Day 20: There’s no better place to live than the city, on a rainy day.

*Forgive these yellow photos. New York is filled with bad lighting. 

Yesterday we woke up to rain. It rained and rained and rained some more. We got the message that Parker’s rained out make up game was once again rained out. Ruby was so cozy in her warm bed that the rain outside encouraged her to sleep in until 10:50.

Yes, you read that right. My 14 month old, sleep loving baby slept until 10:50 in the morning.

Needless to say, we weren’t too concerned with her getting in a nap and with the baseball game cancelled our entire day was open so we decided to go to the Museum of Natural History. Exploring a museum sounded like the best way to spend a rainy Sunday afternoon.

We all got ready and headed out to catch the 1:00 ferry. As a bonus, we discovered that parking in the munimeter lot is free on Sundays. We headed into the terminal, stopped for a few slices of pizza and boarded the ferry. We docked in Manhattan and hopped straight on the 1 train taking it all the way up to 79th street. We walked about 3 blocks in the rain (which was actually really fun) and arrived at the museum, like most others, soaking wet.



Ruby loves people watching and was waving and telling every person she saw, “hi!”


This was probably my 6th or 7th time at the Museum of Natural History and the boys have both been there before too, but there is so much to see and do that every visit is a little different than the last. In fact, none of us had ever explored the earth and space museum which just happened to be the side of the building we entered. Josh got in line to get our tickets, which are completely free for military! Actually, they’re completely free for everyone – the general admission cost is a suggested donation, they just don’t advertise that fact very loudly – but had the clerk not said, “oh, our military discount is complimentary!” we would have made a donation.




I love Mars

We went on to check out the earth and space section and then moved up to the hall of North American mammals. Next was the Hall of biodiversity and a quick peak in the Milstein Hall to see the blue whale. Parker was totally creeped out to learn that angler fish reside, not just in the ocean, but also in bodies of fresh water.



It took us an hour and a half to get through the first floor and the boys were already getting tired and hungry. Before even thinking of leaving though, we had to go see DUMB-DUMB. Ever since the movie Night at the Museum was released, there is no cooler exhibit than the Easter Island head. As a matter of fact, as our 5 and 7 year old boys were excitedly walking to the statue, a group of french speaking teenage girls turned the corner and squealed, “DUMB-DUMB!” and took off running towards it. We took the same picture that we already have two other copies of and decided to call it a day.

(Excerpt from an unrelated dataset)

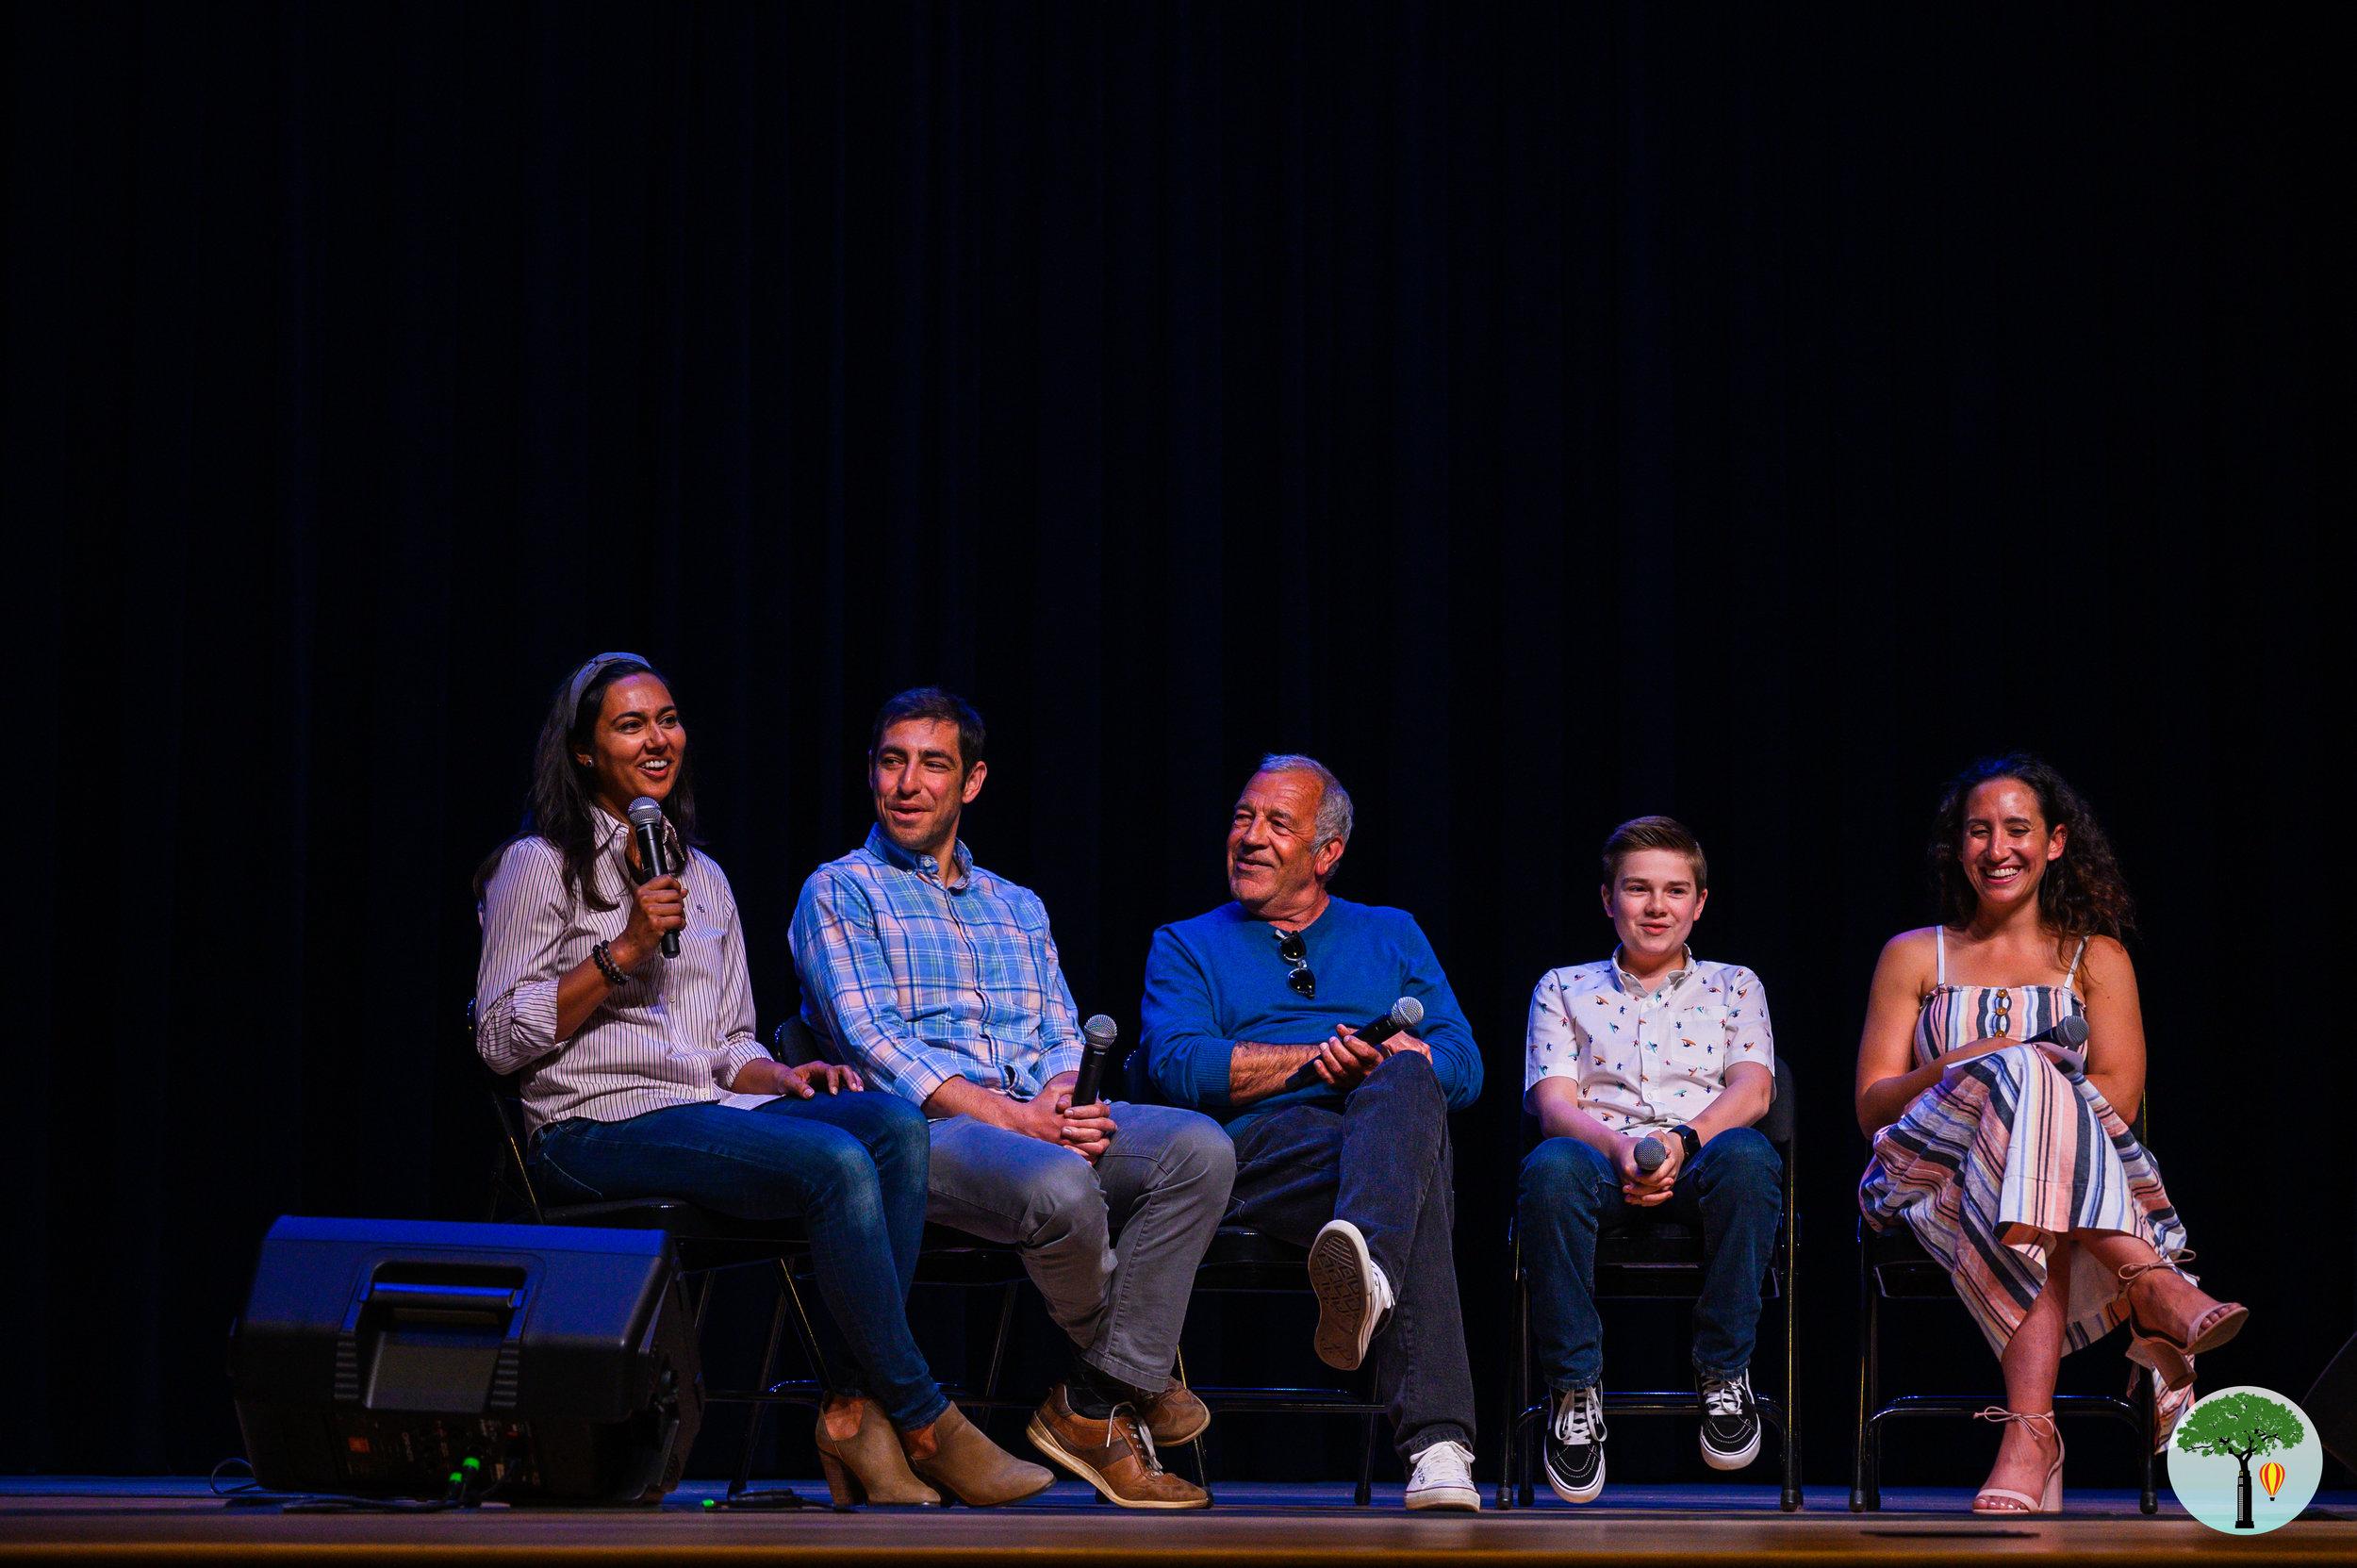 A panel discussion with Lisha Yakub Sevanian (producer), Aaron Greyson (screenwriter), Fred Gerber (director), Jet Jurgensmeyer (actor), and Alix Schwartz (moderator).

I didn’t get any pretty outdoor photos because of the rain

On our way out, Parker held the door for a man who told him, “gracias” to which Parker quietly replied, “de nada” and then waited until we walked away to ask me why so many people speak different languages in the city. The sweetest boy.

When we walked outside, it was still raining so we hopped back onto the subway and rode to Times Square. Every time we go to Manhattan we sternly warn the boys that, “We are NOT going into Times Square” and yet every single time, we find ourselves in Times Square. The boys love it there. We grabbed some overpriced dinner (Josh and I decided that everything is inflated 20% in Times Square alone) and got back on the subway for our ride all the way down to South Ferry. We somehow timed everything perfectly and got a train as soon as we got to the platform and continued on to the 6:30 ferry as soon as we arrived at the terminal. A perfect end to a great day.


All of that people watching wore Ruby out 






A very foggy and rainy view of Lady Liberty

I need to to note something that Josh and I have realized the past few times we’ve gone in to the city (just for memory’s sake). Theo was born to be a city kid. When he and I used to drive into Houston to go grocery shopping, every time we’d get to a certain point of the inner loop where the skyline view was perfect, he’d tell me that he wished we lived in the city. I laughed because I thought he just liked the idea of living in a tall building, but now I realize that he loves the entire culture of city life. As I watch our wild, hyper, talkative boy become subdued and quiet as he takes in everything there is every single time we step off of that ferry, I can see that he truly loves the city. Josh joked today that the stimulation counteracts his ADHD (he doesn’t really have any disorder), but I think it’s just that he is purely happy in that environment. It’s adorable. And I’m so happy we get to give our children these types of experiences.